Data segment section start

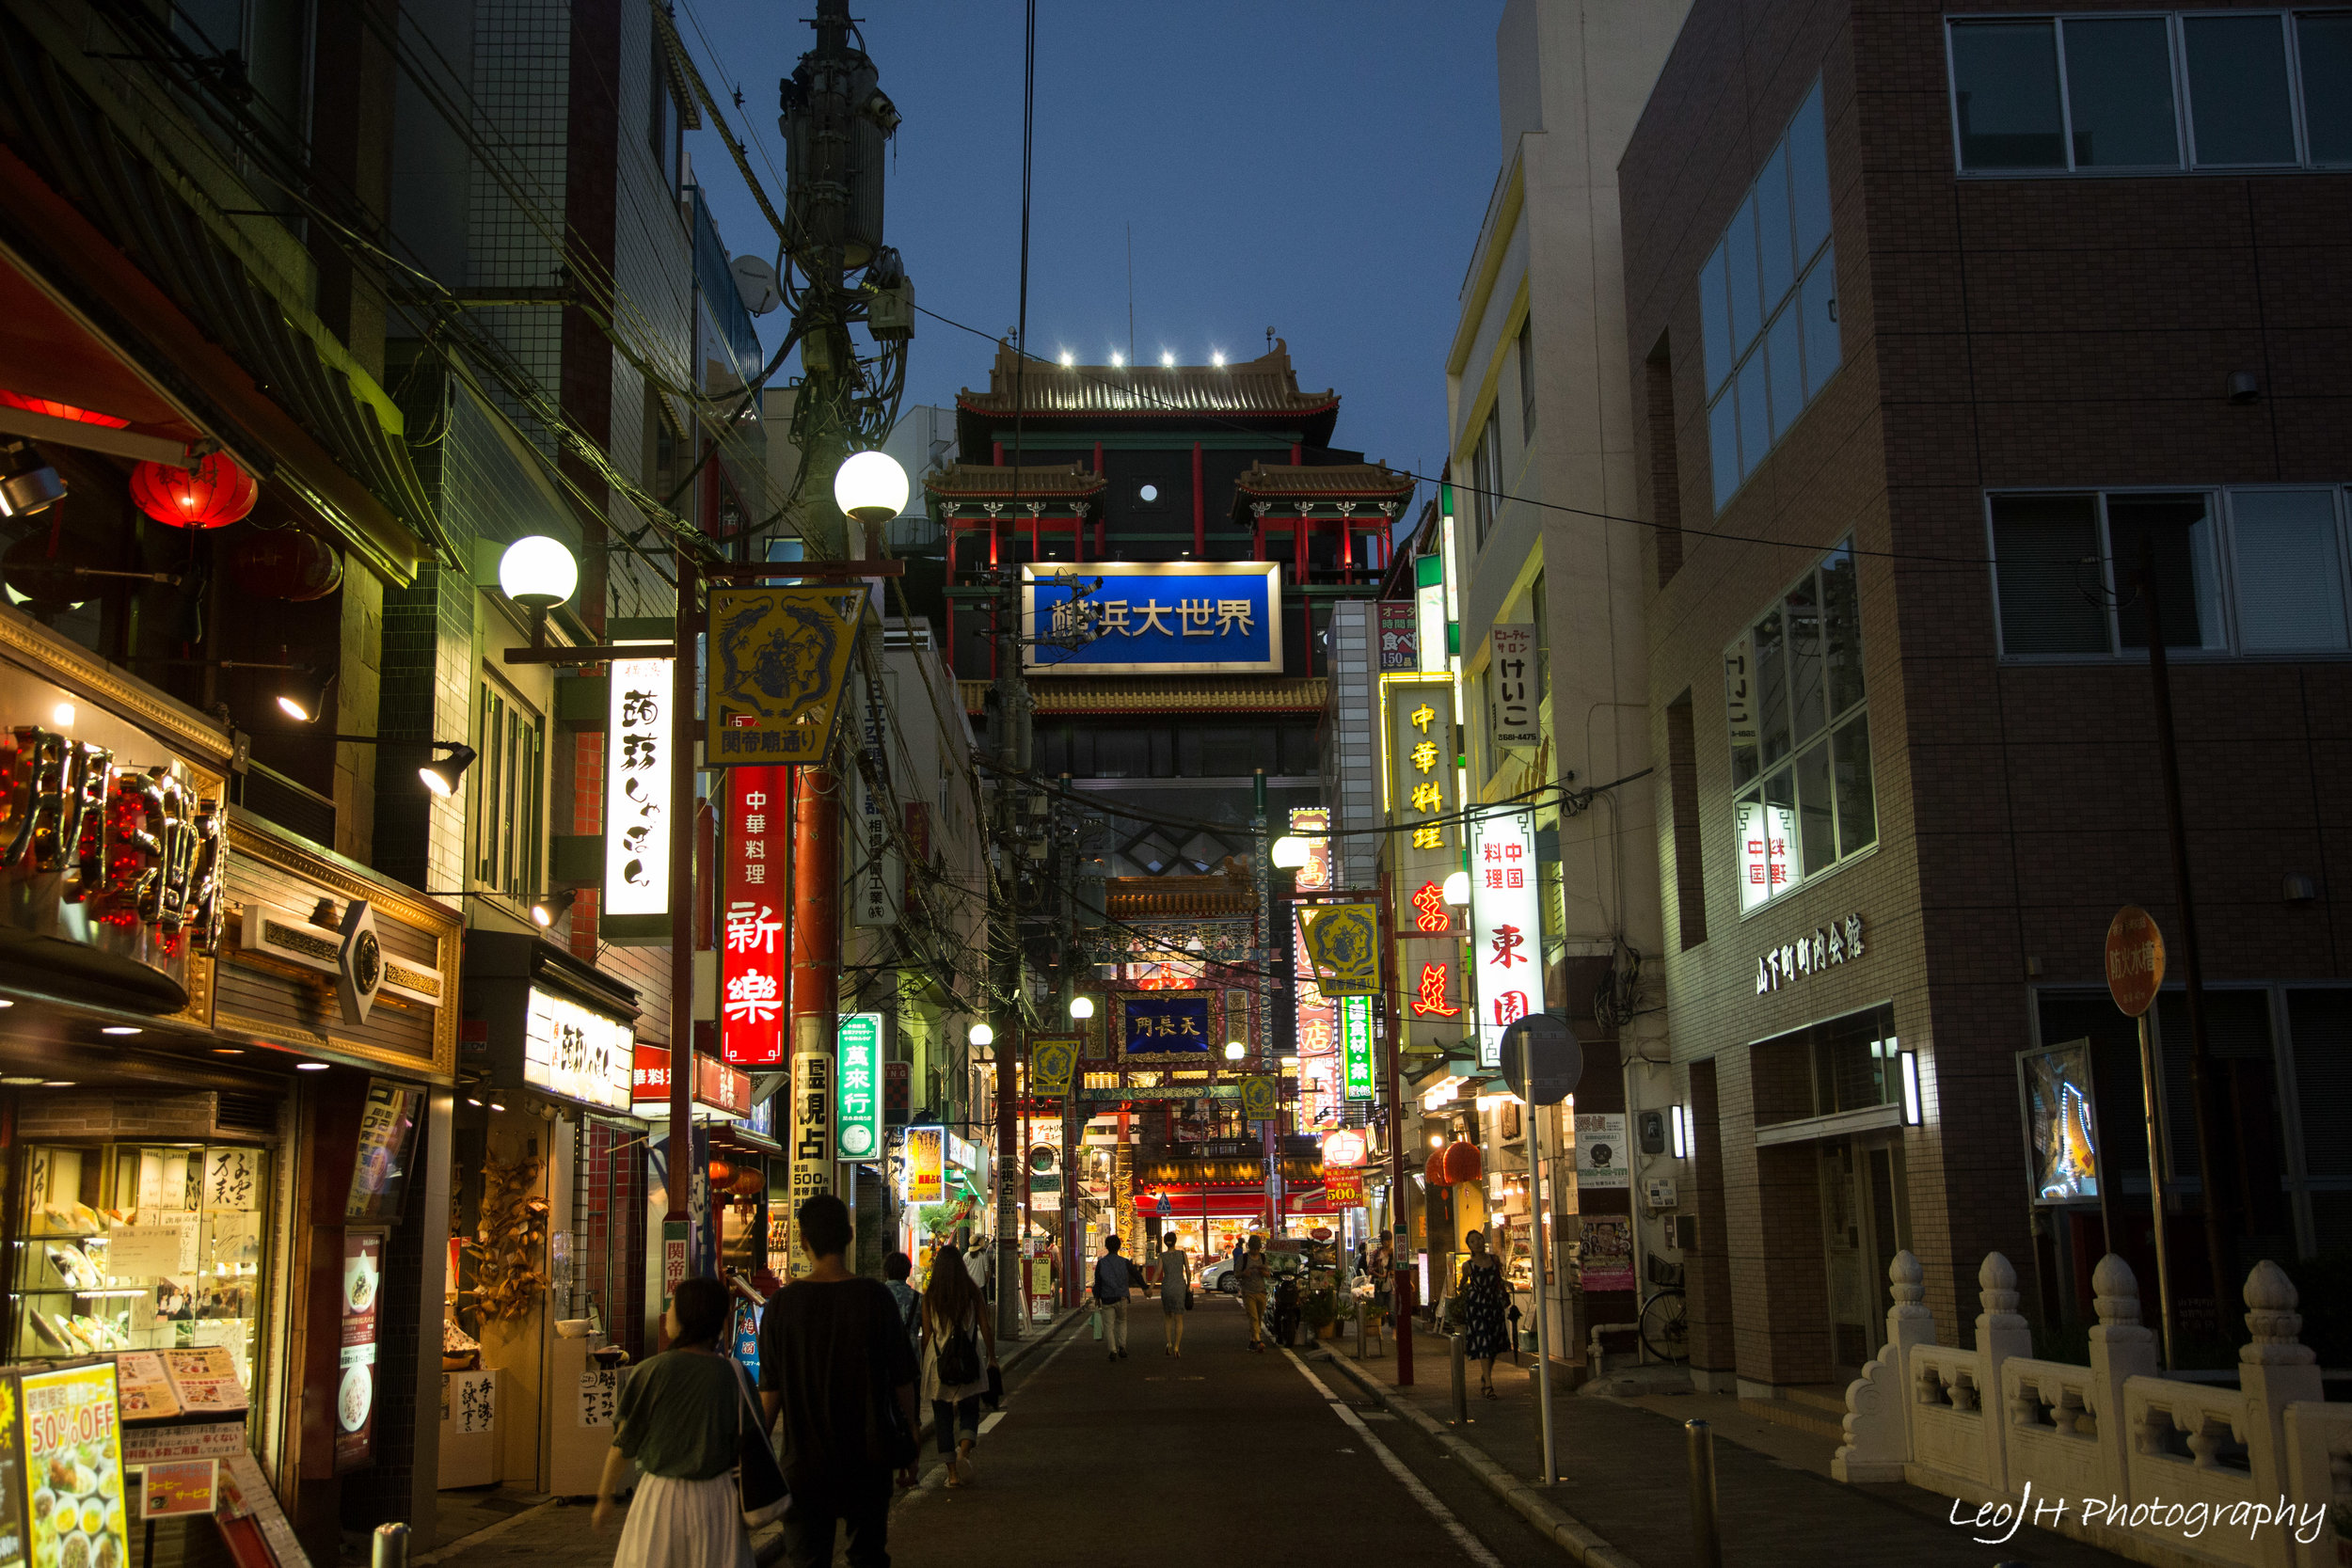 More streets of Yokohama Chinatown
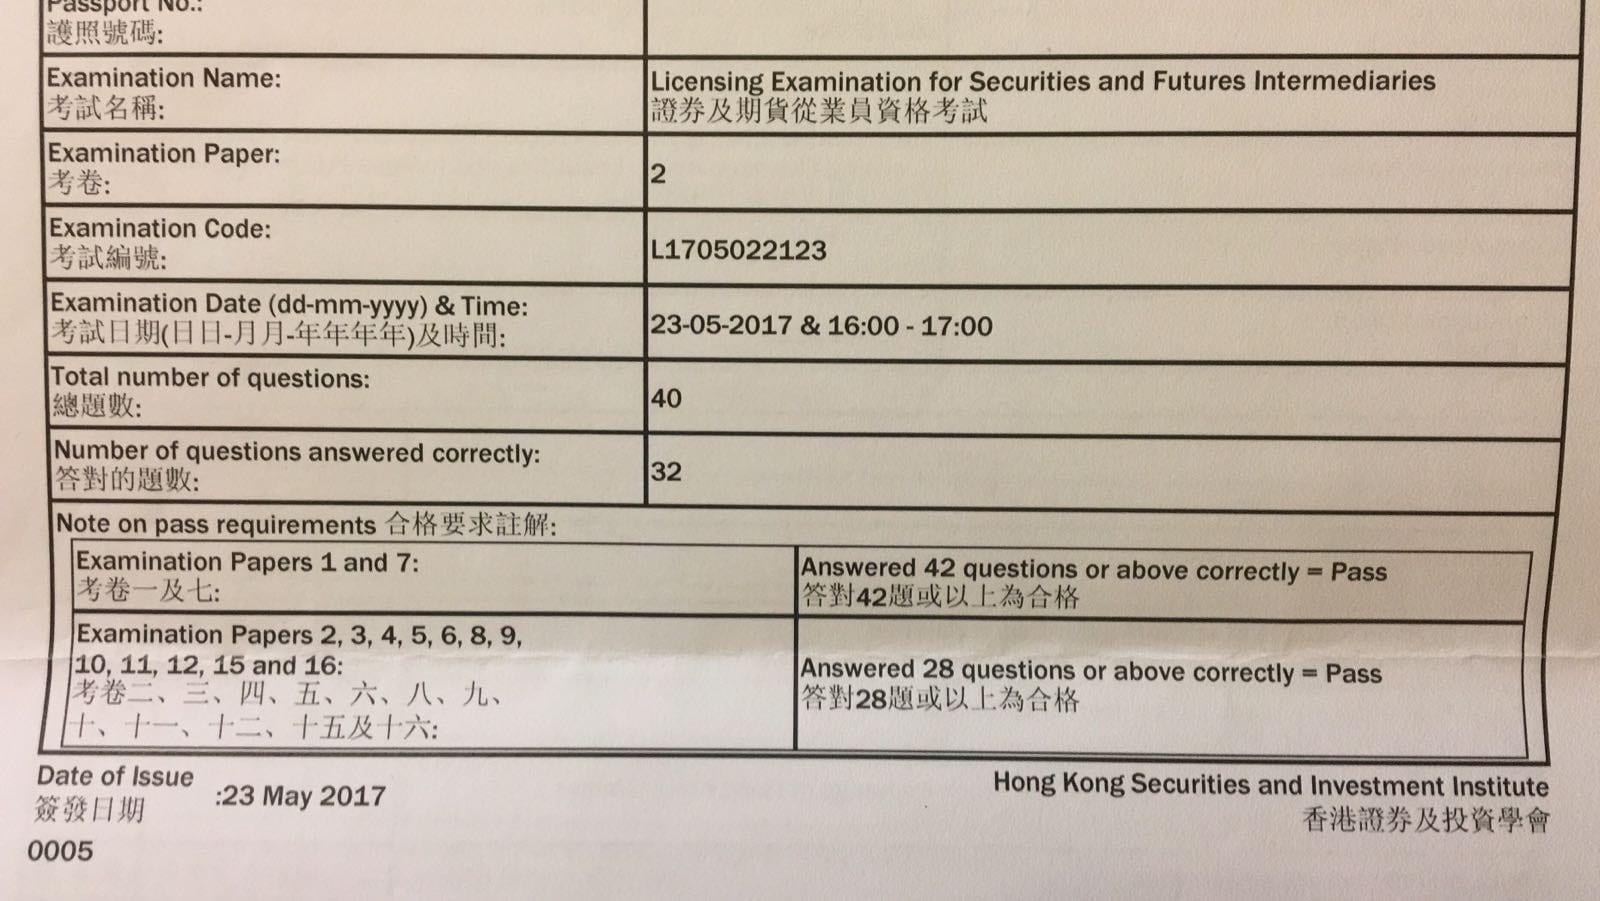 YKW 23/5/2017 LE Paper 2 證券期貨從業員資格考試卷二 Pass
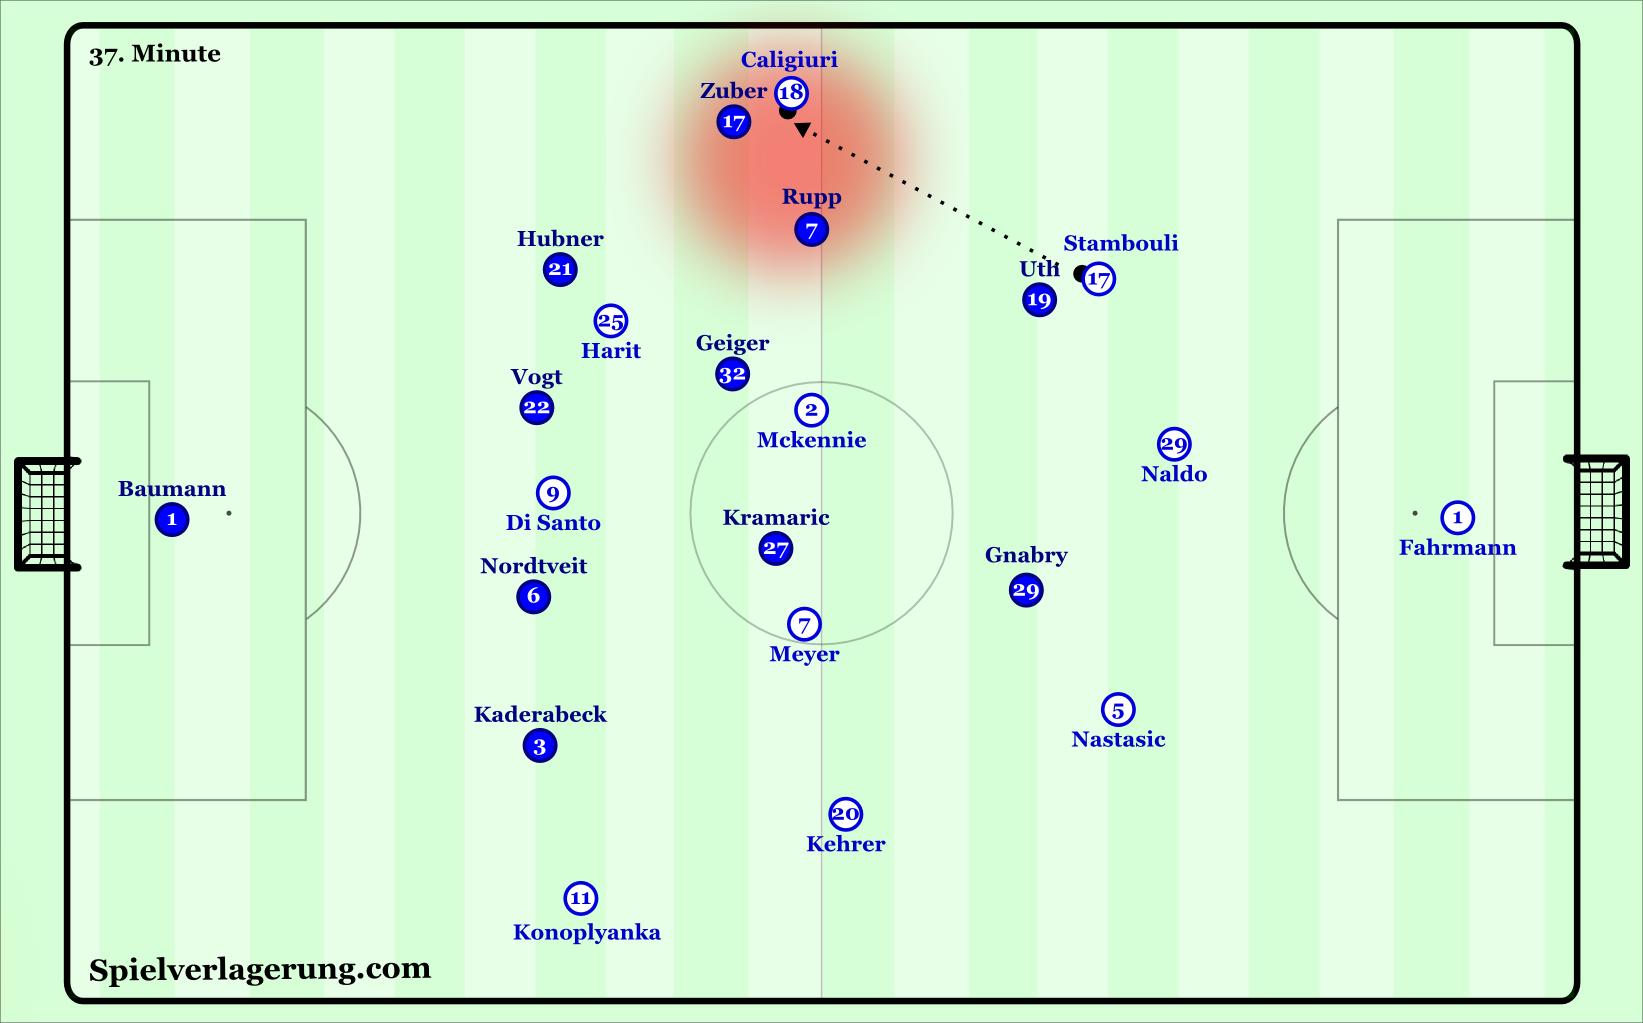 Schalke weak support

Data segment section end

What is needed. Repeat the listing verbatim without its pictures.

Exercise response.
 More streets of Yokohama Chinatown
 YKW 23/5/2017 LE Paper 2 證券期貨從業員資格考試卷二 Pass
 Schalke weak support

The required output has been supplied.